Have you ever sat down to write, looked out your window, and thought, “Damn, I really want to be outside”?
Well, that’s how I feel today.
In Estonia we get an average of sixty days of sunshine a year. Most of them are not in the fall, unfortunately. So you can imagine I’d much rather be out walking around in the sunshine than writing a blog post. With that in mind, today I’d like to play off Chris’ post about writing after absences. What can we do, as writers, when we can’t seem to focus on our work?
A change in scenery
I know this seems a bit hypocritical, given that I’m still indoors (I’m going out as soon as I finish this, I promise), but getting out of the house is crucial. Get out of the office. Go for a walk. If you only see the sun once every two to three weeks, don’t sit inside and stare at it from the window. When it’s cold, it’s not easy to write outside, but you can get a lot of ideas by walking around. Or, if it works for you, you can go to a café or a library to write. There are a lot of options.
Do something else
This may also seem like a counterproductive form of procrastination (and it might be), but when I can’t focus, I do something totally unrelated to work. Watch an episode of a show that inspires you or read a novel. I know that when I read a good book, it makes me want to write my own all the more. But if you go off on a separate path for a while, be sure you come back to what you were supposed to be doing.

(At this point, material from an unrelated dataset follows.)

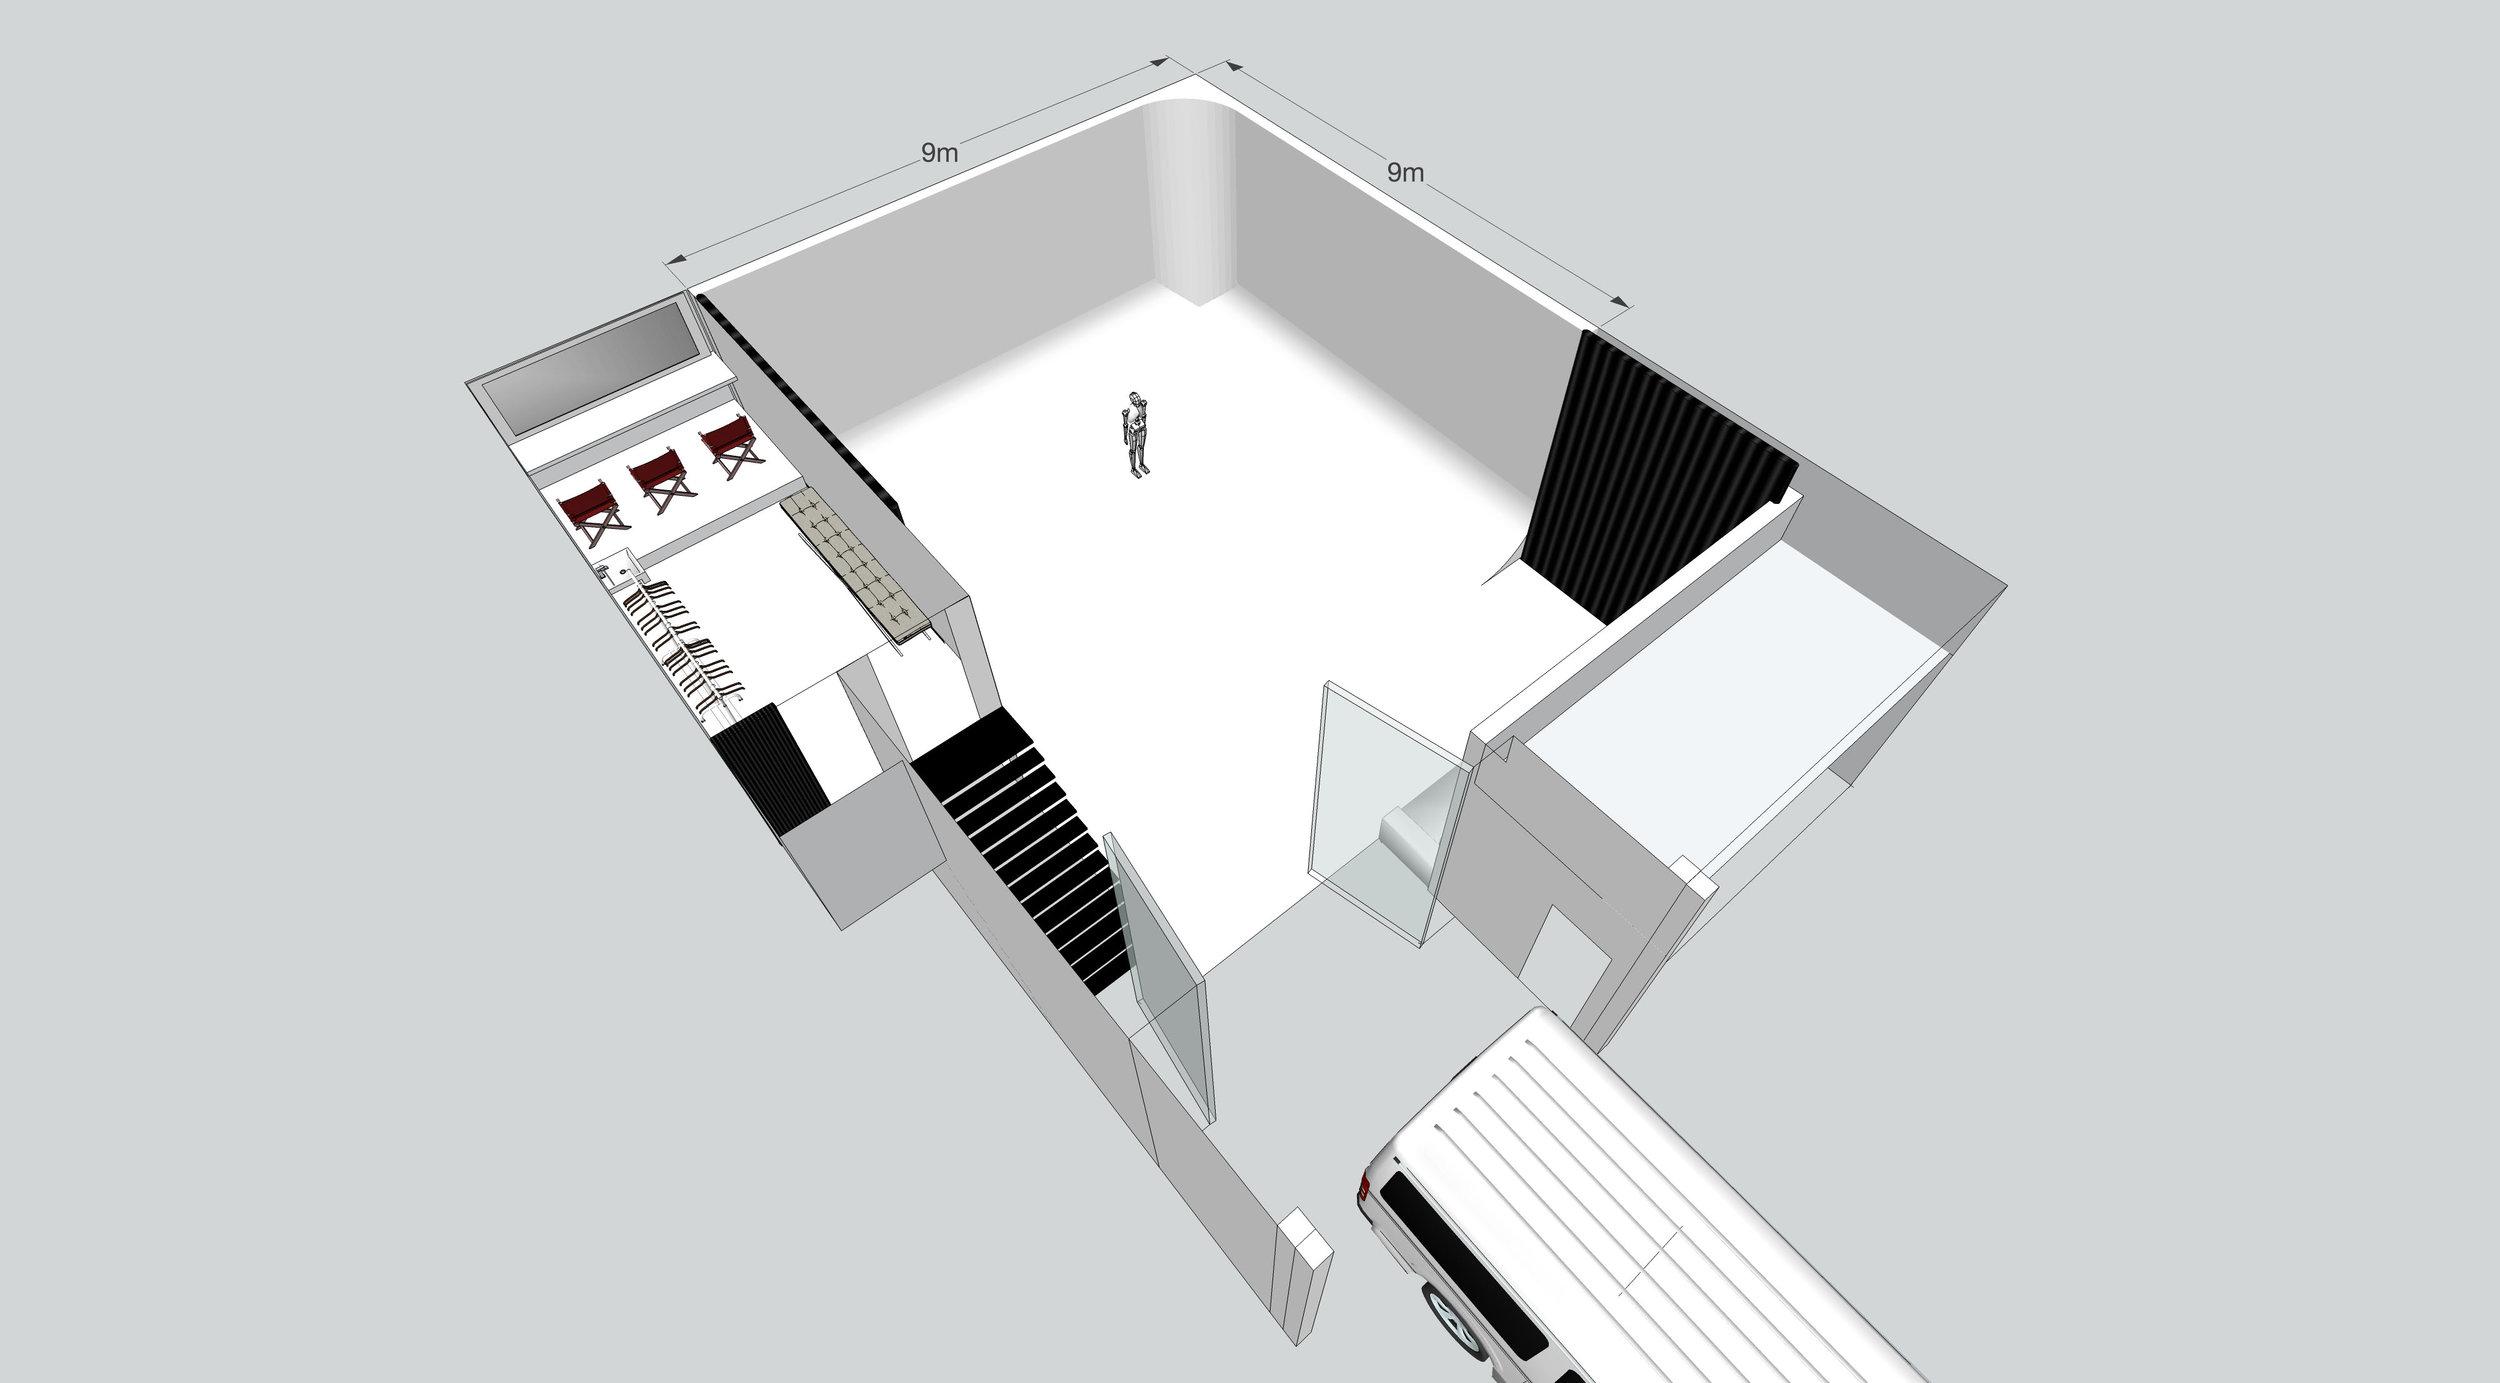 Untitled1_0002_STUDIO dimensions004.tiff.jpg

Cut yourself off from distractions
I love my friends on Skype, but once I start talking to them, it’s impossible for me to get anything done. Even though we may have many writing friends, writing is still a solitary venture. You and you alone are writing your novel. You and you alone can get the words on the page. If sprints with others work for you, then by all means, do them. But if you’re like me and you need quiet, then take a break from the online world for a while. It’ll still be there when you get back.
Just start writing
This has been my biggest problem lately. Once I’m in flow, the words comes quickly, but I can resist starting the actual process for days. That’s a problem, especially when I’m on a deadline. So what can you do? Write. Start writing. One word after the other. Make yourself do it. No matter what. I did this yesterday for my thesis and broke my two-week cycle of resistance. By the end of it, I had 1400 words. That’s 1400 words I didn’t have before and I feel better because of it.
In conclusion . . .
We’re going to hit bumps in the road when we’re writing. It’s unavoidable. But taking steps to make the transition easier can help. Work to the best of your abilities, but don’t be afraid to take breaks — to get out and enjoy the autumn sunshine or to read a good book. Sometimes those are the things we need to give us the push to get things done.